# ASUS P5KPL-CM Motherboard won't POST



## Novuso (Nov 28, 2008)

Hi there,

A little background first. About four weeks ago I purchased a custom computer off e-bay. This build is centered on an ASUS P5kPL-CM motherboard with an Intel e8400 Core 2 Duo and Nvidia 8600GT graphics. Has 4 gigs of Kingston RAM installed and Running Vista 64 Basic.

This Build ran fine right out of the Box. Then yesterday it died on me and I don't know what went wrong. The last thing I did before it died was activate Windows which was giving me a 3 day warning. After the activation was successful I walked away from the computer for a few hours and when I came back it was dead. Screen was black, keyboard and mouse had no lights and were unresponsive. The case and cpu fans were running but nothing was going to the monitor. It was like it was stuck in sleep mode and would not power down either. I had to switch off the surge protector to get it to restart. 

When I powered the system back on the motherboard will no longer POST. Everything powers up: Case Fans, Lights, CPU fan, Hard drive, DVD-R, Video Card fan but nothing displays on the monitor. Even the LED on the motherboard will light up but it makes no warning beeps or POST errors. Screen is black with no way to get into BIOS. Not sure what is wrong or how to trouble shoot this. 

Any help or suggestions would be appreciated. Thanks in advance.


----------



## Wrench97 (May 10, 2008)

Do you have a warranty with it?
If not do you have access to a digital volt meter?


----------



## Novuso (Nov 28, 2008)

The 30 day warranty from the e-bay vendor expires just today. It is not looking good in terms of Manufacturer warranty from ASUS either as the PNP cap for the board is missing. The good news is that it is a cheap board that can be replaced for about $65 but I want to make sure it is a the motherboard that is bad and not something else. 

Unfortunately I don't have access to a digital voltage reader or much other equipment for that matter.


----------



## Wrench97 (May 10, 2008)

If it expires today I would put a claim in immediately.
Do you have access to a PSU or a Video card to test with?


----------



## Novuso (Nov 28, 2008)

Currently the motherboard is in an Apevia X-Plorer Case with 520 Watt Rhinoceros Heavy Duty Power Supply. The video card is a Nvidia 8600GT. 

I do have a spare Ultra connect X 500 watt power supply and a Nvidia 8800GTS video card that I am not currently using.


----------



## Wrench97 (May 10, 2008)

Use those to test with start with the video card only because it's the easiest, just to see if you get a post screen neither of the psu's are what I call good quality nor large enough for the 8800 card.


----------



## Novuso (Nov 28, 2008)

The 500 Watt power supply powered the 8800GTS since March of 2007 without any problems on an older computer.

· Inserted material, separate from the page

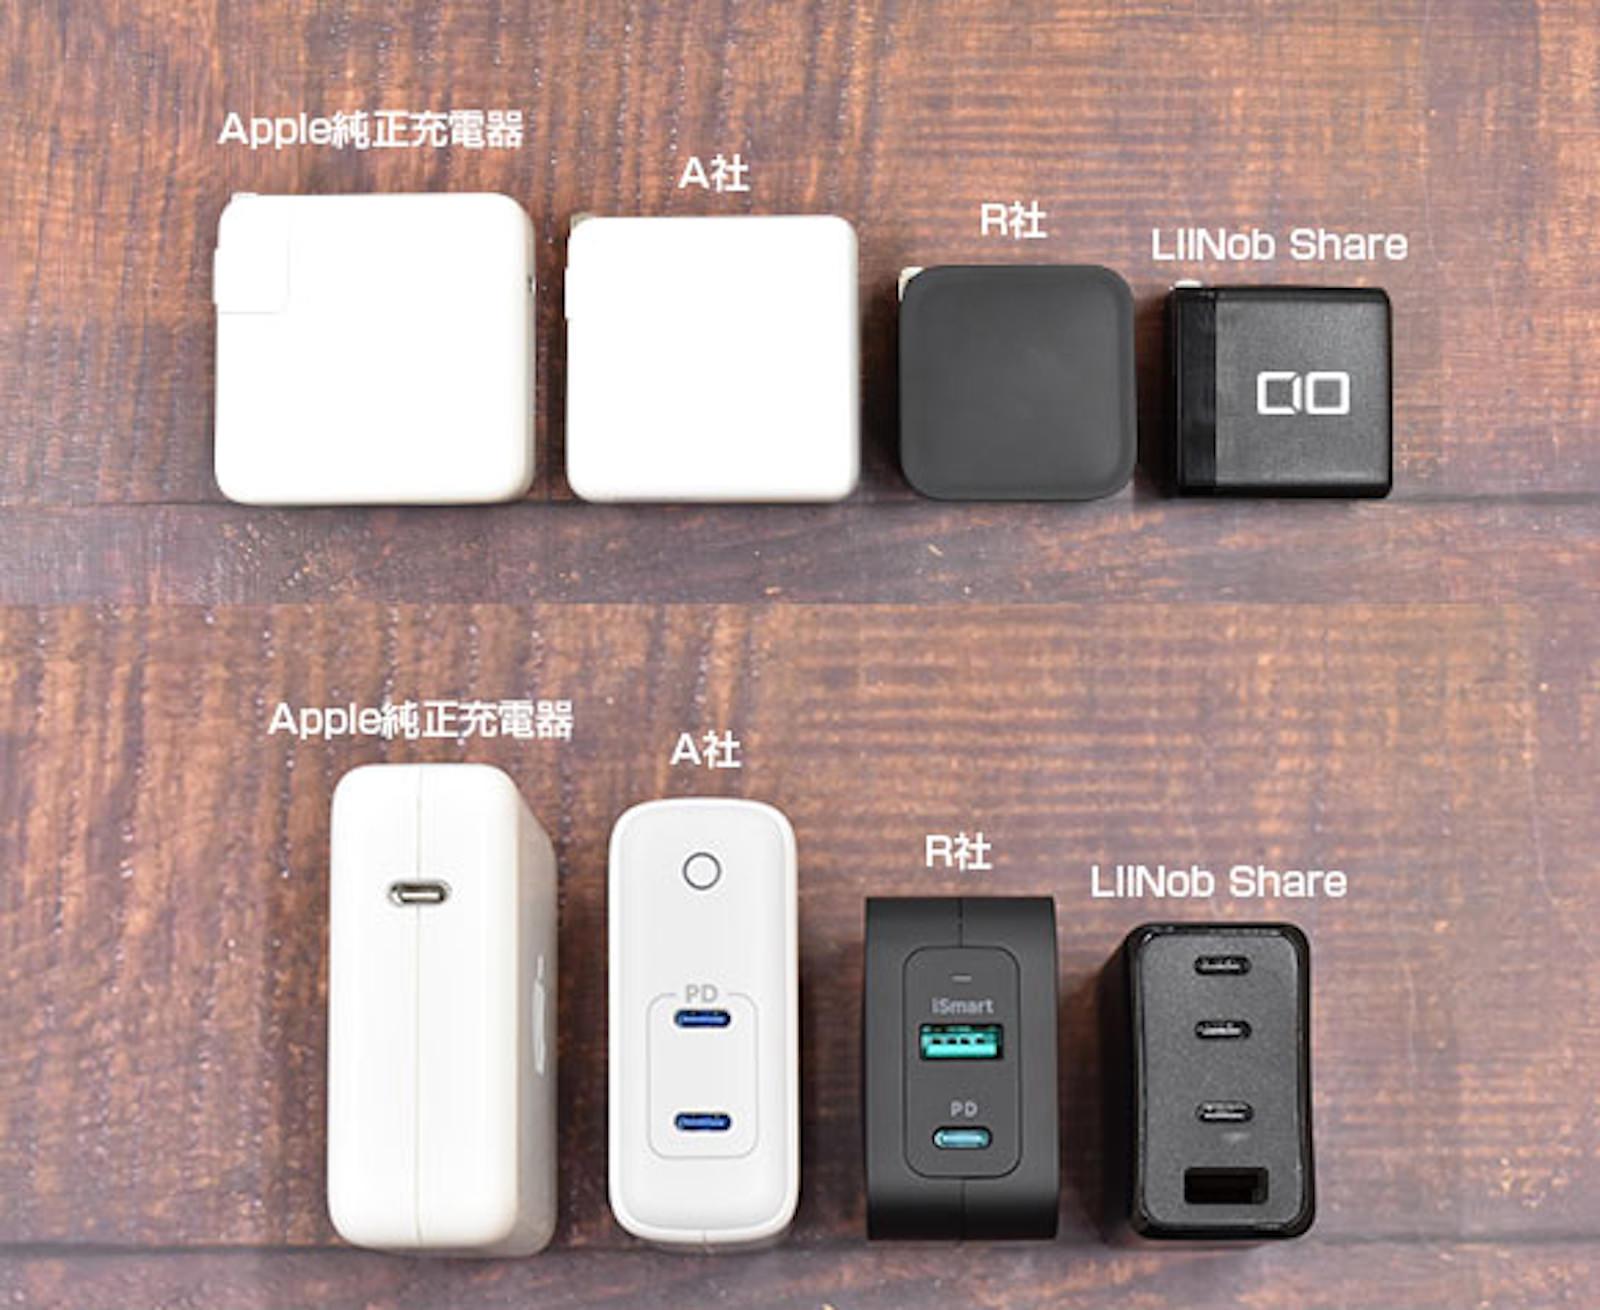 LilNob-Share-GaN-65W-charger-4.jpg

Now in the test I am going to disconnect the hard drive and DVDR and try to get a POST with just the 8600GT card, CPU, and stick of RAM. Should I pull the board out of the case or leave it in?


----------



## Wrench97 (May 10, 2008)

leave it in for now.


----------



## Novuso (Nov 28, 2008)

Still No POST. Only thing that turns on now is the CPU fan and the Video card fan that is with No hard drive or DVD player. Still using the In-case power supply.


----------



## Wrench97 (May 10, 2008)

Try the other psu.


----------



## Novuso (Nov 28, 2008)

Loaded up the other PSU and got the same result. Fans turn on but no POST or beeps out of the motherboard.


----------



## Wrench97 (May 10, 2008)

Does it beep continuously if you remove the ram?


----------



## Novuso (Nov 28, 2008)

Even with no RAM it did not beep. When the board used to run it would beep once right as it turned on. It does not make any noise now. I am 99% sure the board is gone bad.

I have already gone ahead and ordered a replacement from NewEgg.

http://www.newegg.com/Product/Product.aspx?Item=N82E16813131288

I just have to hope the CPU and RAM are still good.


----------



## Novuso (Nov 28, 2008)

UPDATE:

Received the new motherboard today and as soon as I installed it the computer booted right back up. 

Thanks for your help Wrench97.


----------



## Wrench97 (May 10, 2008)

Good to hear you got it working.


----------